**Source data:**

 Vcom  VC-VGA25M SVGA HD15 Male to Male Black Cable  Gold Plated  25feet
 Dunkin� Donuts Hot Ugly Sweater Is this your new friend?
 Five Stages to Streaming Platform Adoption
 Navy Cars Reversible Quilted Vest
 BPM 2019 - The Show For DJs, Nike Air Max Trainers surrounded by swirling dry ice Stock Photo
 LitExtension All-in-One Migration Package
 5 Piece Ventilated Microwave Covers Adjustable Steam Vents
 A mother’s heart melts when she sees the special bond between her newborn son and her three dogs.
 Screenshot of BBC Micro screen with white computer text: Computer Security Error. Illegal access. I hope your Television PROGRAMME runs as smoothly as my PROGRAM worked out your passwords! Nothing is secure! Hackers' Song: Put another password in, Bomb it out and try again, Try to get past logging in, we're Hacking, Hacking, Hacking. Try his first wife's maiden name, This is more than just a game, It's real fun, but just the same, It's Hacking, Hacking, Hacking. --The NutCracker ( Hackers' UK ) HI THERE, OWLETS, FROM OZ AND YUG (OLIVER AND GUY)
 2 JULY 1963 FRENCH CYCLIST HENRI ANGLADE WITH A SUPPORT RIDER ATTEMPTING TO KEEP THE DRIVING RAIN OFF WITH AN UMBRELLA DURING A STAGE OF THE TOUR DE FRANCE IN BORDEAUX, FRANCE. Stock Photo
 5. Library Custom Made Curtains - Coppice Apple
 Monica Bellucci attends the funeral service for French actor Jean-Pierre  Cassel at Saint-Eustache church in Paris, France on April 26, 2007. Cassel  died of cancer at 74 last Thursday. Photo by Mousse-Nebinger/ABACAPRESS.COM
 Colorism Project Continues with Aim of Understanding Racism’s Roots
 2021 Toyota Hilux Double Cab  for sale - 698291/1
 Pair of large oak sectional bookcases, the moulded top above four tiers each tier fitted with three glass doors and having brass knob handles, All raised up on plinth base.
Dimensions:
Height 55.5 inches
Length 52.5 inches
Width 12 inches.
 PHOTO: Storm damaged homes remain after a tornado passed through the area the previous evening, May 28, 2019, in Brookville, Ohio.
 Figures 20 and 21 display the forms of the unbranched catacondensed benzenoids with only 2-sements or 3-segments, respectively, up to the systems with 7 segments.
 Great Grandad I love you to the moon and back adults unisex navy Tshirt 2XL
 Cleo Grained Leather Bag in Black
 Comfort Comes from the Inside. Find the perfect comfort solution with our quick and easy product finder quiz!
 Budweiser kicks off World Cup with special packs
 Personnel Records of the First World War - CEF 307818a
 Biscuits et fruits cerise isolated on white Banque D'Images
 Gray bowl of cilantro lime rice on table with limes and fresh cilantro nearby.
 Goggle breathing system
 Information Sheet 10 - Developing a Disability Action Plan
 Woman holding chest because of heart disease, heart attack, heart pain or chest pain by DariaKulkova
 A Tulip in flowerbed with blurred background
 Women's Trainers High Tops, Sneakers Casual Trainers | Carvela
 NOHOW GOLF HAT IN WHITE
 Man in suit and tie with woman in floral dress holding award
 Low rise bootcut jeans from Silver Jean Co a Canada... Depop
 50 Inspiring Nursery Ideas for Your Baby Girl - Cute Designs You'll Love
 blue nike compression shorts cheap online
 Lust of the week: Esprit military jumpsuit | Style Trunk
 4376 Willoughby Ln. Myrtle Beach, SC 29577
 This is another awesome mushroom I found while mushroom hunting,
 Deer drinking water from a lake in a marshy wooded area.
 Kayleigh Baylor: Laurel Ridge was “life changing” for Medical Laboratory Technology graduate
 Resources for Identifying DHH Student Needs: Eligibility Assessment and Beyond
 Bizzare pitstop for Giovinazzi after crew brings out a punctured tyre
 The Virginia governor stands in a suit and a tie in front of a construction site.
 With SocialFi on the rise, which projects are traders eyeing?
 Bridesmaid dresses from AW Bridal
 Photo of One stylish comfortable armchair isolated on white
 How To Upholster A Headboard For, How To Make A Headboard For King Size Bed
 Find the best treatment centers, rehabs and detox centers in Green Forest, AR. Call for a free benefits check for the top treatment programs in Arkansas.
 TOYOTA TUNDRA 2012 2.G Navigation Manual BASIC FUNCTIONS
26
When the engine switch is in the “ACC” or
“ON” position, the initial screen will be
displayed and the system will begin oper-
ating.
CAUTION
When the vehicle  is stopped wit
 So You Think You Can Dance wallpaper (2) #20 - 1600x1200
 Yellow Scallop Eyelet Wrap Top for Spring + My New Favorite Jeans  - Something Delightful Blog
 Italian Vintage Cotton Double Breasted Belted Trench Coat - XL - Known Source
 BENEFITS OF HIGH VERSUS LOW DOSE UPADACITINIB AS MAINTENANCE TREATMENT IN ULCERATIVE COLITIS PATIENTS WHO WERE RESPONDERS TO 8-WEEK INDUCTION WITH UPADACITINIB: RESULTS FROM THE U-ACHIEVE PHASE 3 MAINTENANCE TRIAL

**Task prompt:** Using only the entries above, output the line with "Figures 20 and", the line with "Budweiser kicks off", and all lines between them, exactly as they stand.

**Result of this exercise:**
 Figures 20 and 21 display the forms of the unbranched catacondensed benzenoids with only 2-sements or 3-segments, respectively, up to the systems with 7 segments.
 Great Grandad I love you to the moon and back adults unisex navy Tshirt 2XL
 Cleo Grained Leather Bag in Black
 Comfort Comes from the Inside. Find the perfect comfort solution with our quick and easy product finder quiz!
 Budweiser kicks off World Cup with special packs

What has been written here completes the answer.